El vinilo que tengo yo, debe ser una segunda edición española. He buscado en discogs y no aparece por la referencia. Es una versión cutre a nivel artístico: se ahorraron la funda interior que debía venir con fotos, letras e información. Es raro porque debe llevar, mínimo, 30 años en mi pequeña colección, es decir, no es de segunda mano ni reedición moderna. Fue comprado en el mítico Madrid Rock, como atestigua el plástico exterior que aún conserva, en una de mis muchas visitas a aquel templo de la música. Es más, juraría que este LP y el trabajo anterior del grupo, The Hurting, los compré todavía en la tienda de la calle Mayor en la misma excursión. Con el tiempo, también me lo pillé en versión CD donde sí viene el arte interior.

El disco consta de ocho temas. Su título viene de una película llamada Sybil, que iba de una chica que tenía 14 personalidades distintas y solía sentarse en una gran silla cuando cambiaba y hablaba con su terapeuta. Ellos decidieron que sus 8 canciones eran tan distintas entre sí que encajaba el título a la perfección. Aunque en la portada sólo aparecen Roland Orzabal (voces, guitarra y teclados) y Curt Smith (voces y bajo) en este disco también aparecen en nómina el teclista Ian Stanley y el batería Manny Elias. La mayoría de las canciones están firmadas por Orzabal y, acompañado según el caso por algún otro miembro de la banda. Está producido por Chris Hughes, que era el batería de Adam and the Ants. Y su pasado a las baquetas se nota en el trabajazo de la percusión y de la base rítmica en todo el disco. Tras este pelotazo trabajaría con Robert Plant, Paul McCartney, Peter Gabriel, Jon Bon Jovi, Ric Ocasek



¿A vosotros también os pasa que ponéis banda sonora a ciertos lugares recurrentes? Por ejemplo, cuando veo acantilados, suena en mi cabeza el primer corte de la cara A: “Shout”. Sí, claro, en mi caso la culpa es del clip de esta canción, ambientado en la Costa Jurásica de Inglaterra. Temarraco, como dicen algunos por este blog, de proporciones bíblicas. Cómo suena esa batería (tocada en este caso por el productor Chris Hughes), cómo nos incita a gritar Orzabal, cómo nos mueve el solo de bajo de Smith y el solo de guitarra de Orzabal. La verdad es que el tema suena muy pesado (me imagino que eso lo intenta aprovechar David Draiman en su versión con los Disturbed). Llegó al número 1 en USA. El siguiente tema, “The working hour” es muy diferente, mucho más pausada, con el saxo como protagonista.

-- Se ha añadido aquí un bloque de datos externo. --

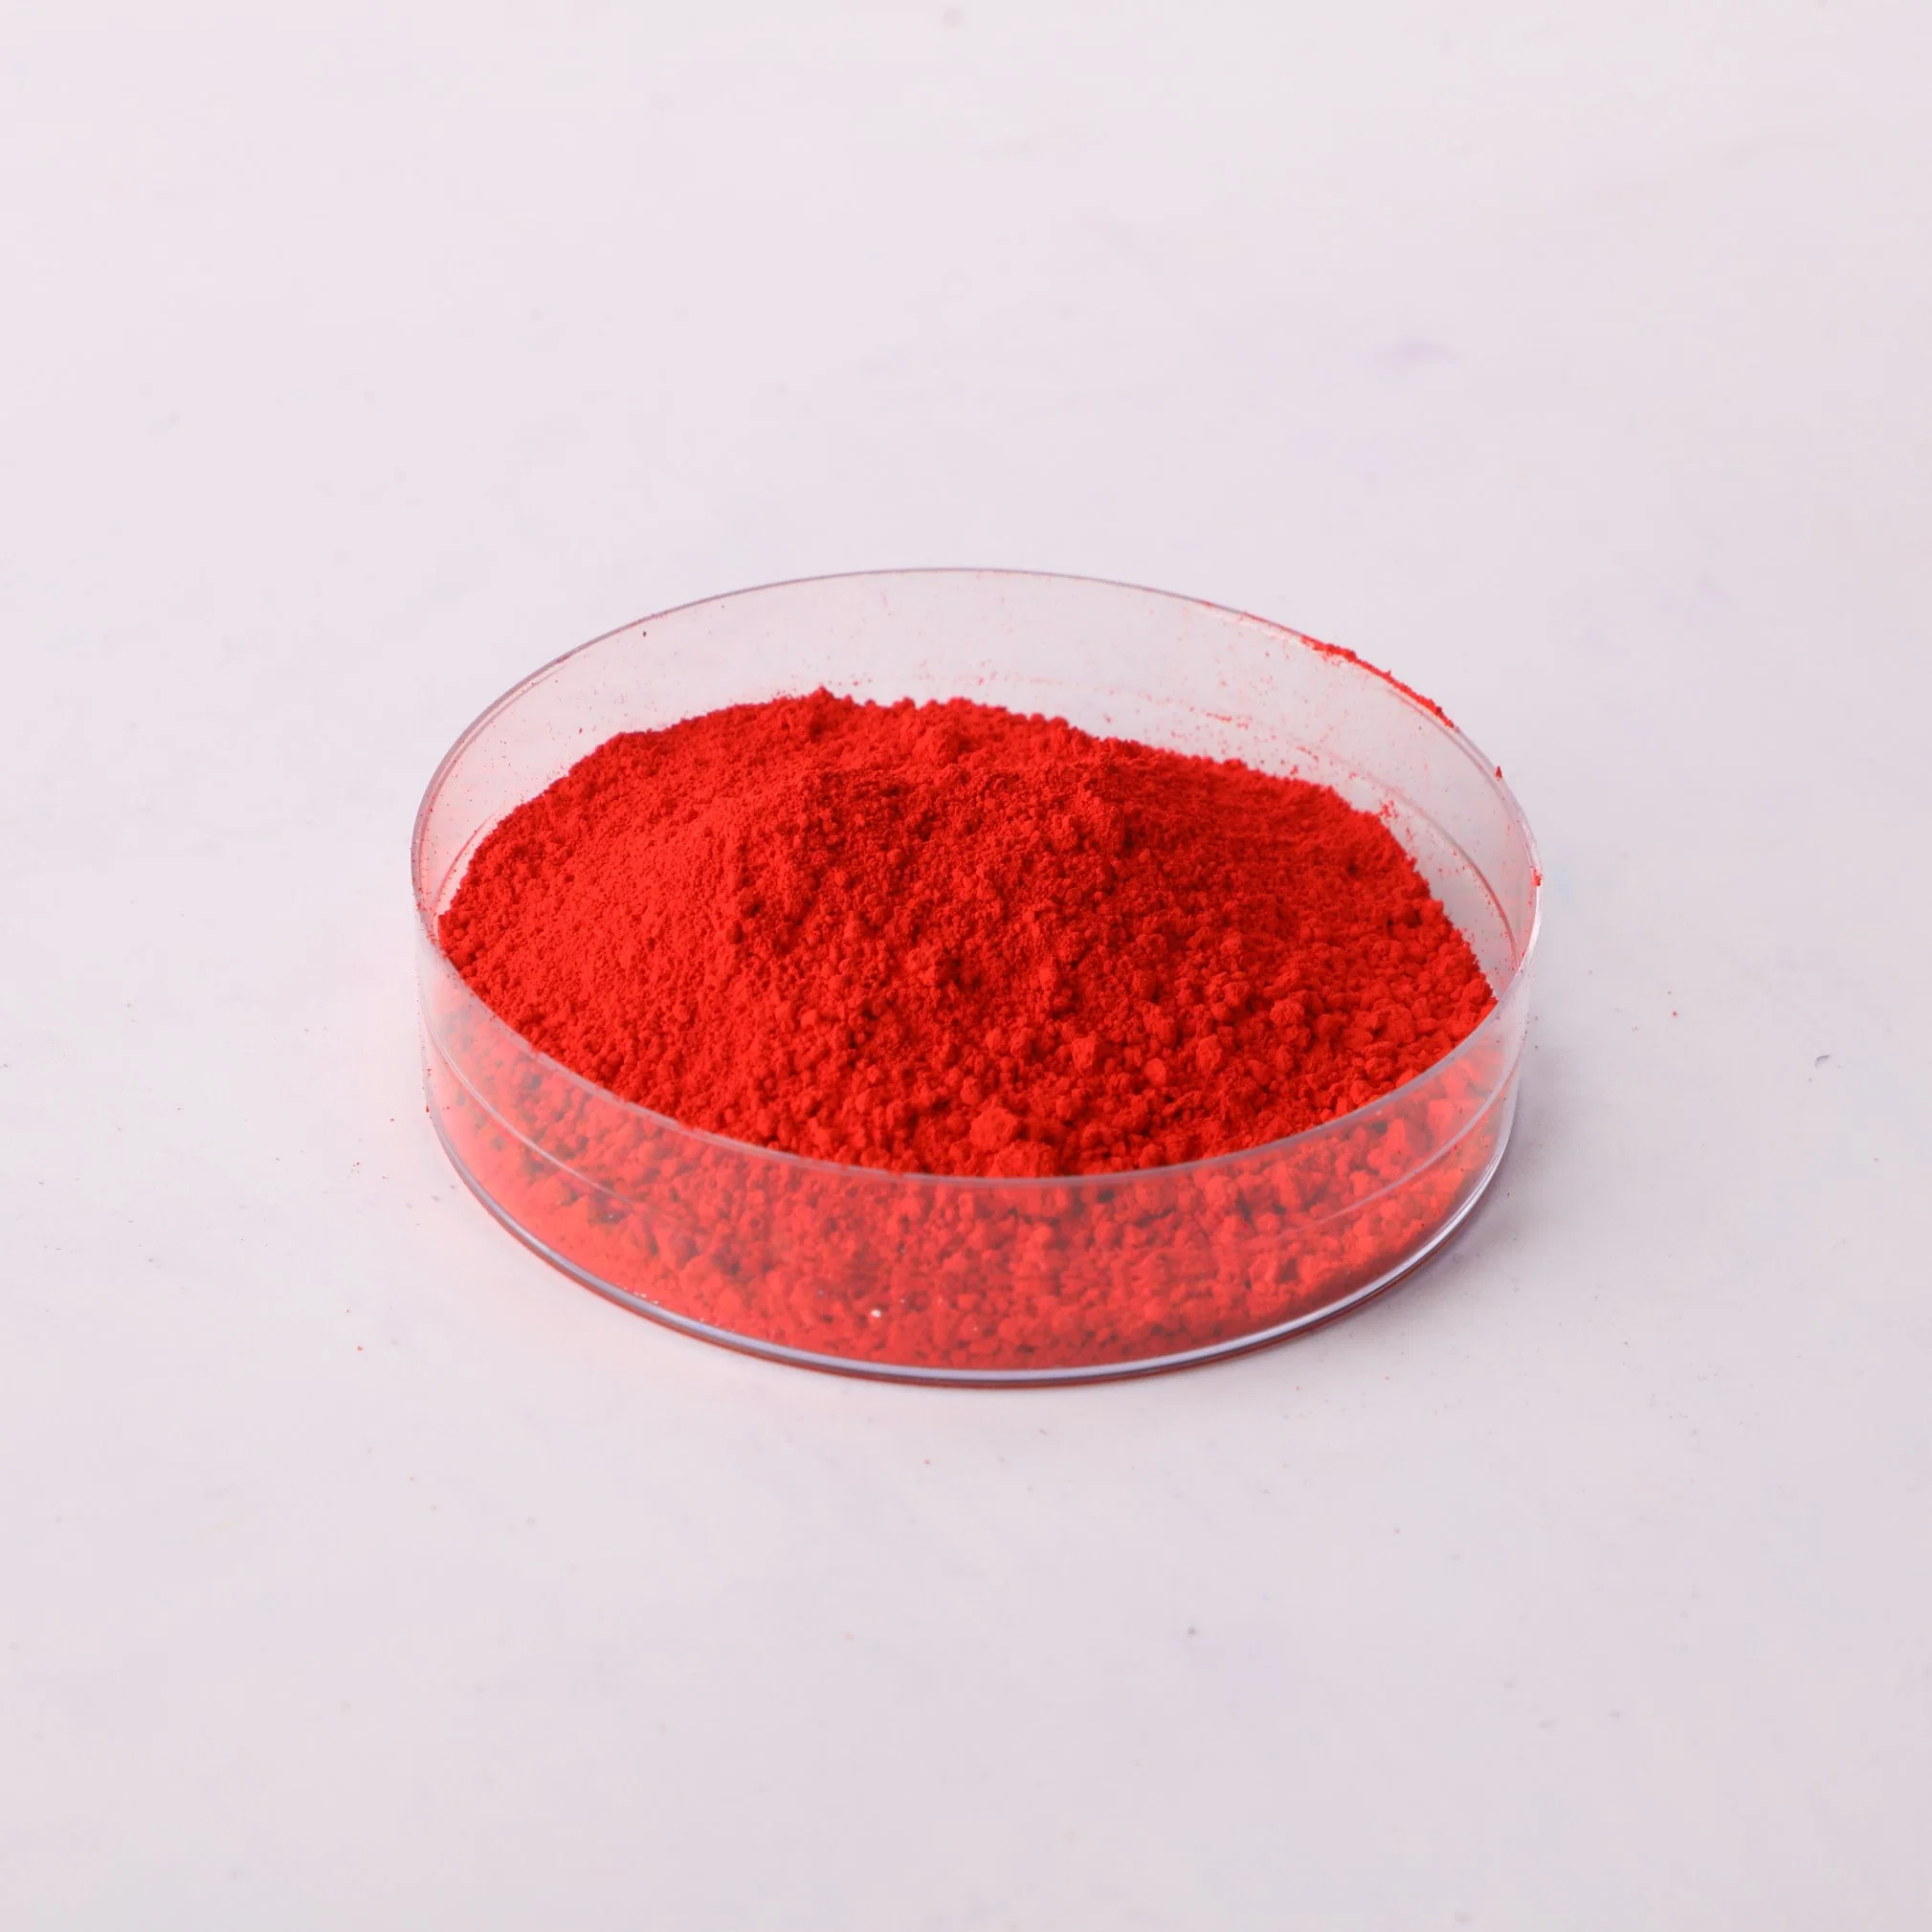 El ácido de alta calidad, el ácido 80 Rojo tinte rojo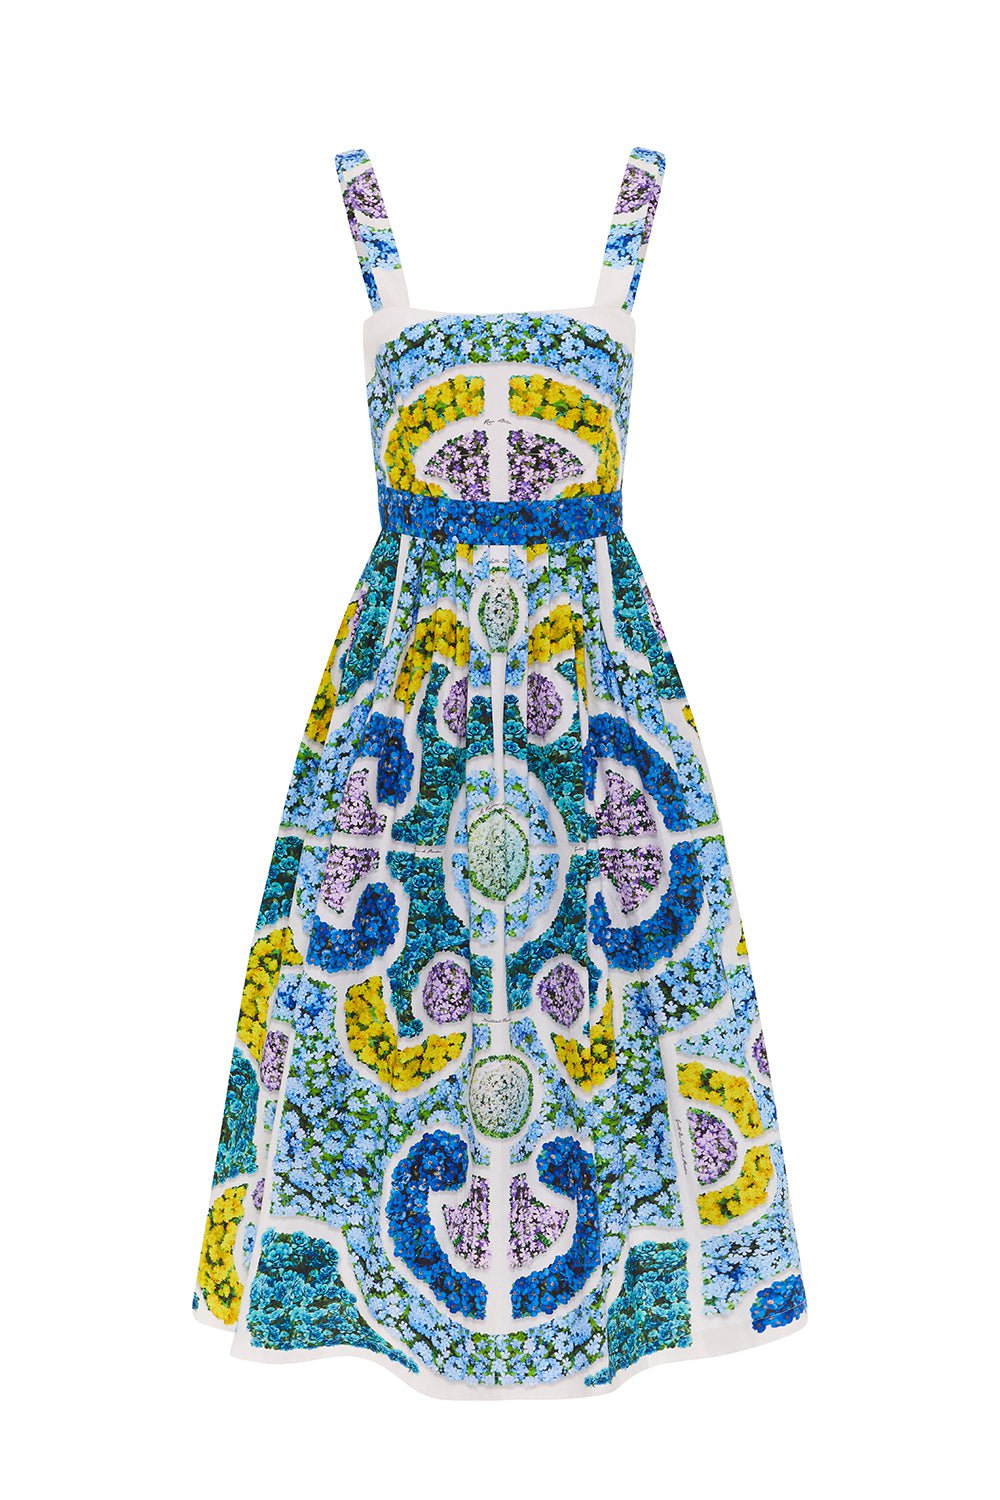 MARY KATRANTZOU-Iris Dress - Blue Topiary-

Como tercer corte encontramos otro de esos monumentos musicales conocidos por todos, da igual el estilo de música que prefieras: “Everybody wants to rule the world”, también número 1 y versioneado hasta el cansancio. Si se tuviese que elegir un solo tema para ilustrar la música de los 80, este es el tema. Los que saben de música me dicen que es un caso extraño de éxito con un compás 3 por 4 cuando lo normal suele ser un 4/4. Lástima que no tenga ni idea de música para poder apreciar bien la diferencia. Por ejemplo, Michael Jackson intentó hacerlo en el Bad con “The way you make me feel”. 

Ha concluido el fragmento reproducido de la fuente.